Please do visit Breadcrumb Reads for more short stories this Wednesday.
The Merry Widow, eleventh story.
18 pages long.
First published in Woman's Journal, September 1989.
A Day in the Life of a Smiling Woman
Complete Short Stories published 2011.
The words 'merry' and 'widow' seem mismatched and shocking to us. Can a widow be happy? Isn't she bereft, lonesome, lost without her life's partner? It would seem not necessarily. There are all sorts of marriages that we, as outsiders to the relationships, know nothing about. Once in a while we'll be with a couple and see the little jabs and criticisms between them, or given by one to the other, but mostly people hide the bad and offer only the good sides of their lives, their marriages.
Before Philip died, he and Elsa had booked a two-week vacation cottage in Dorset. The expectation is that she will now cancel, but the truth is that she cannot wait to go on this solo adventure.

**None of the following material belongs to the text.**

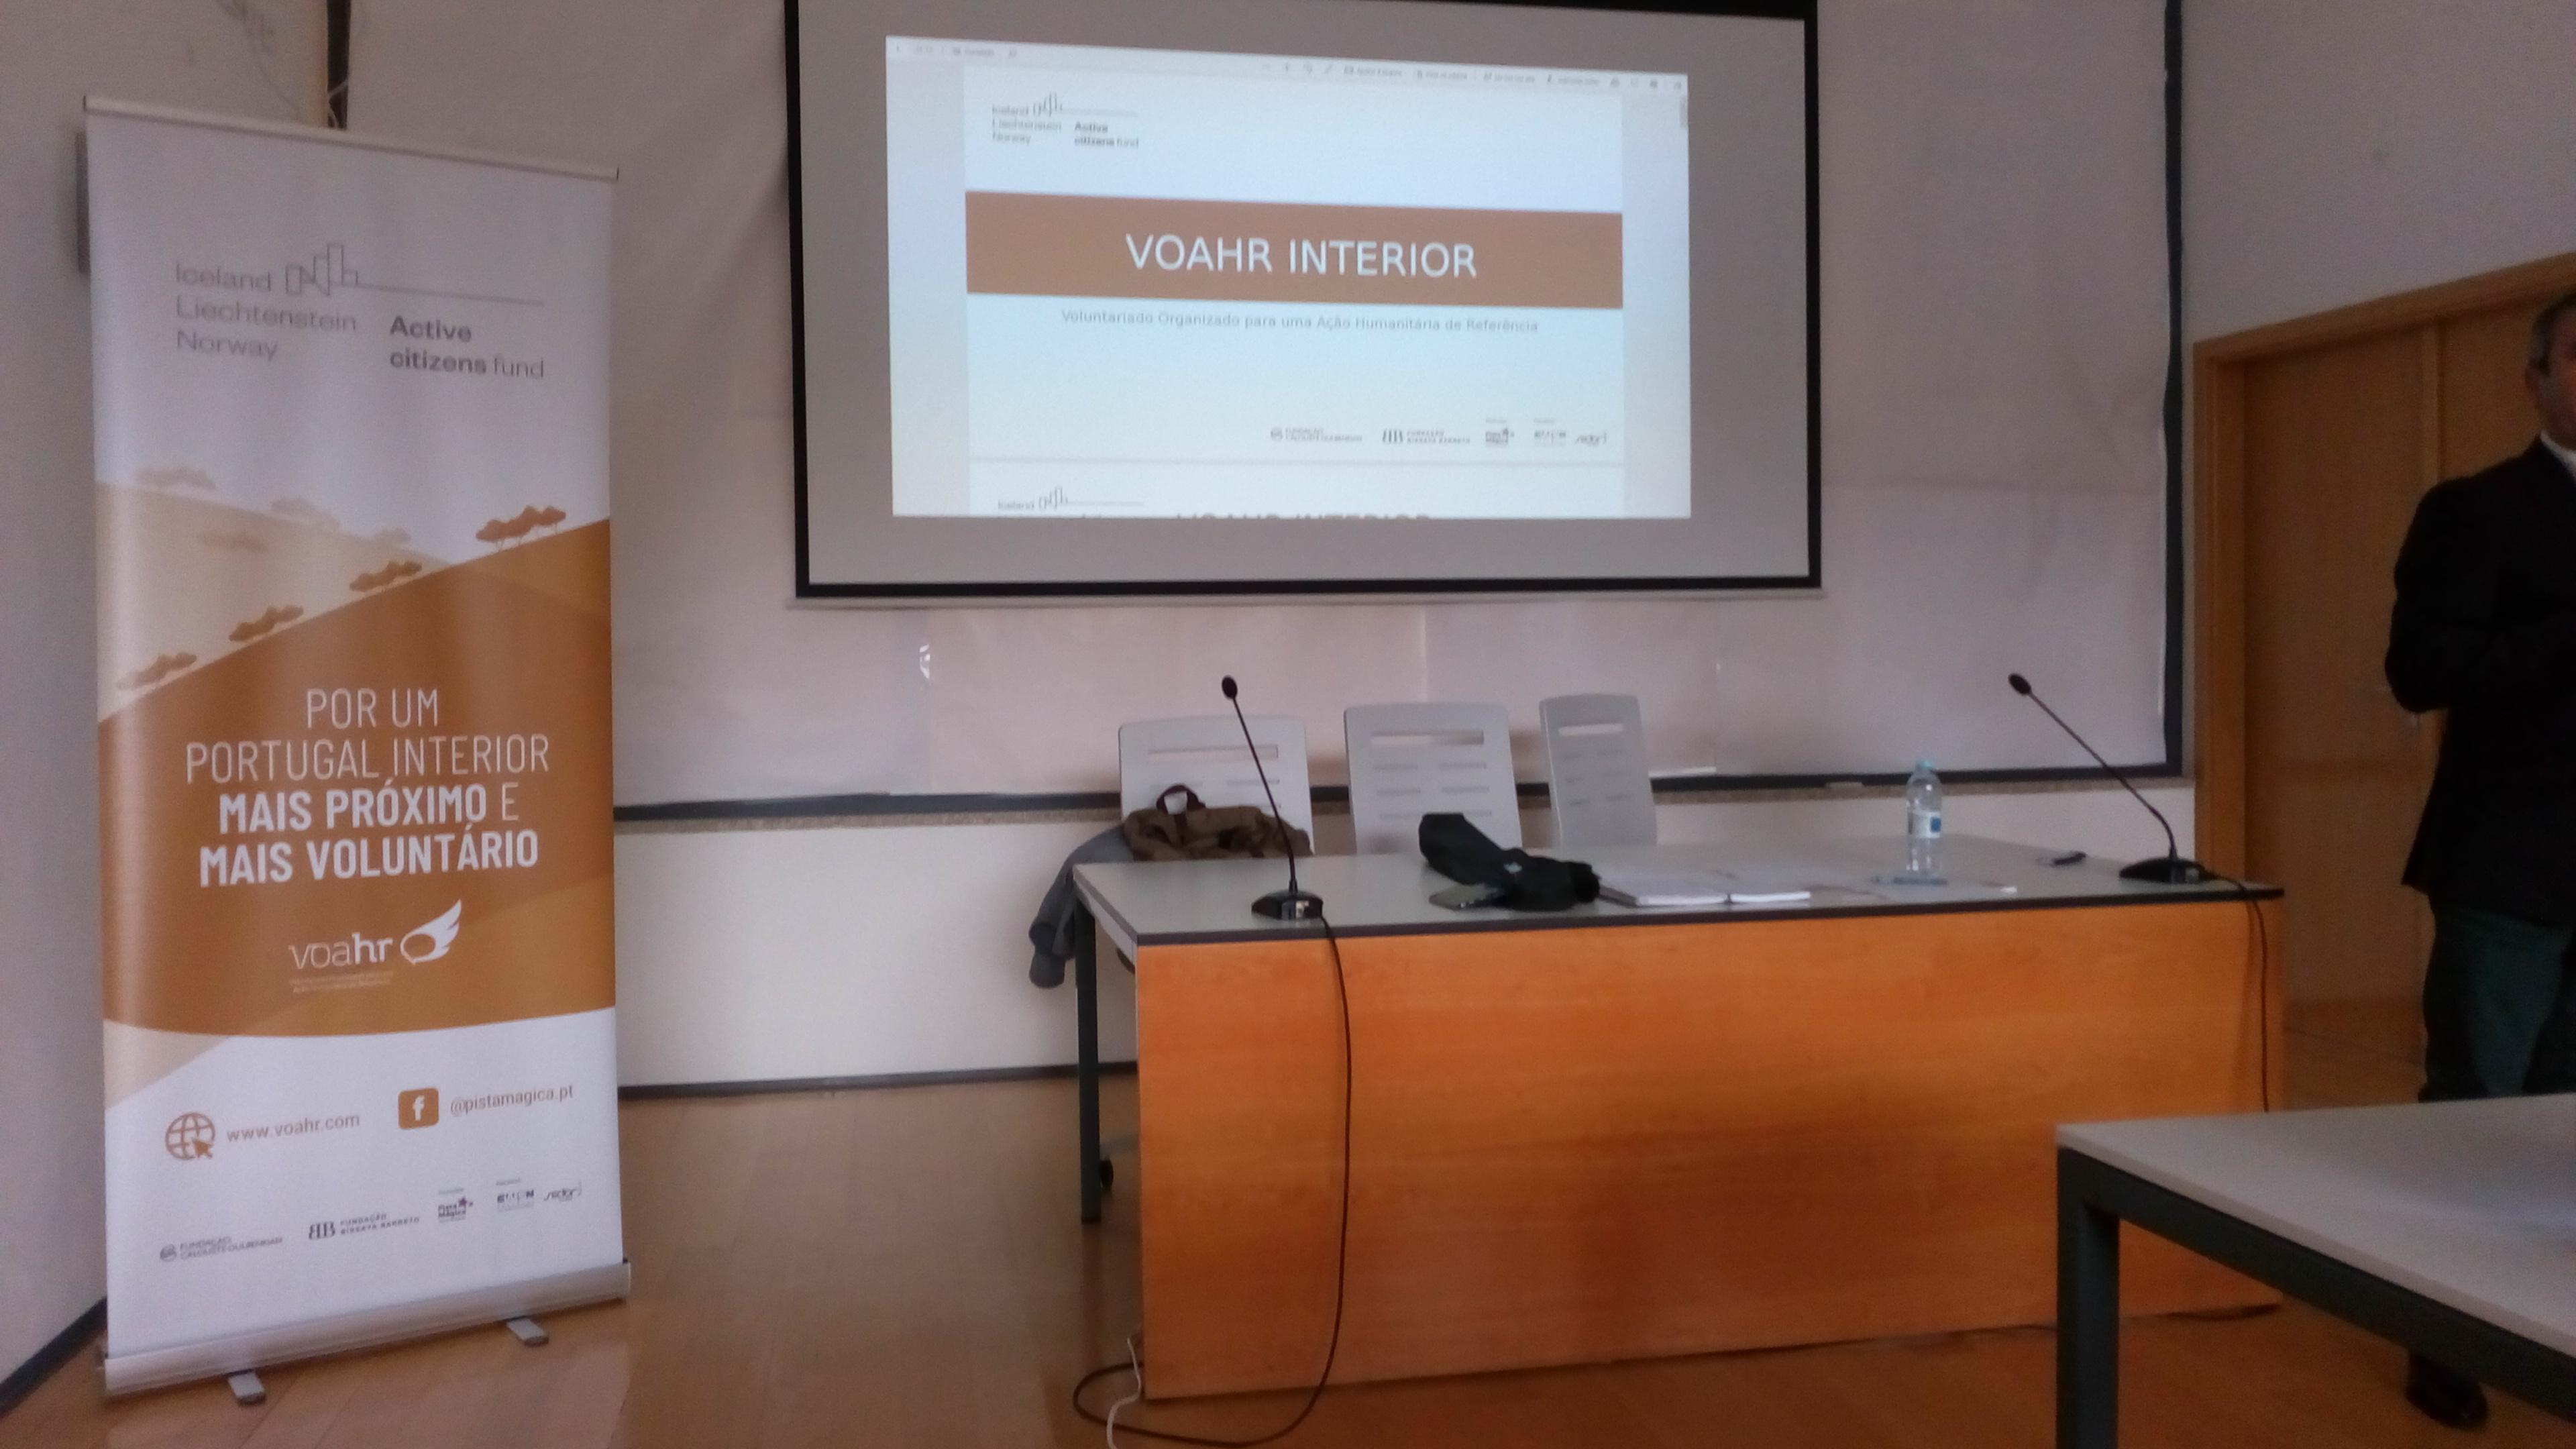 Projeto VOAHR Interior

If she were honest with herself, which she tried to be, she had not been looking forward to the holiday while Philip was alive: it would have been yet another dutifully endured, frustrating, saddening attempt at reviving past pleasures, overshadowed by Philip's increasingly ill-health and ill-temper. But without Philip, the prospect brightened.Well, that certainly tells us what Elsa is feeling, doesn't it? Most people thought that Philip's sickness was the reason he was grouchy, but Elsa knows that it only 'accentuated' his natural state of mean-spiritedness. As the story goes on, we begin to see the small, and not-so-small, indignities and verbal abuses Elsa has endured all these years. He would make fun of her choices in television shows and books and recreational pursuits. Oh, how it must have worn her down over the years, and how light she now feels without this oppressive negativity. This feeling even extends to Elsa's children and grandchildren.
... the emotion she expected to experience in Dorset was not grief, but joy. She needed to be alone, to conceal from prying eyes her relief, her delight in her new freedom and yes, her joy.
She had found herself bored by them, irritated with them. After years and years of cravenly soliciting their favours, of begging them to telephone more often, of blackmailing them into coming for Christmas (or, lately, into inviting herself and Philip for Christmas), she now, suddenly, had found herself bored, had admitted to herself to be bored.Whew, that isn't something you read all the time, is it? Parents aren't supposed to think like this, are they? But when you read something like Rosamunde Pilcher's The Shell Seekers, and see those selfish, money-grubbing children you may understand the relief Elsa feels in admitting that hers aren't perfect beings.
So, we follow our heroine to her cottage, and see her wonderment at all the so-called 'little' things that she may now do, without criticism or opposition. There is a bit of a thorn amongst the roses in the shape of a gardener intruding on her peaceful solitude. She fears she is going mad with her response to his just being there, but she comes to understand her feelings in a metaphorical sense.
I can't believe how great this story was. The descriptions of Elsa's state of mind, and the cottage and its environs were superb. Margaret Drabble's genius lies in making the reader understand exactly how Elsa feels and why.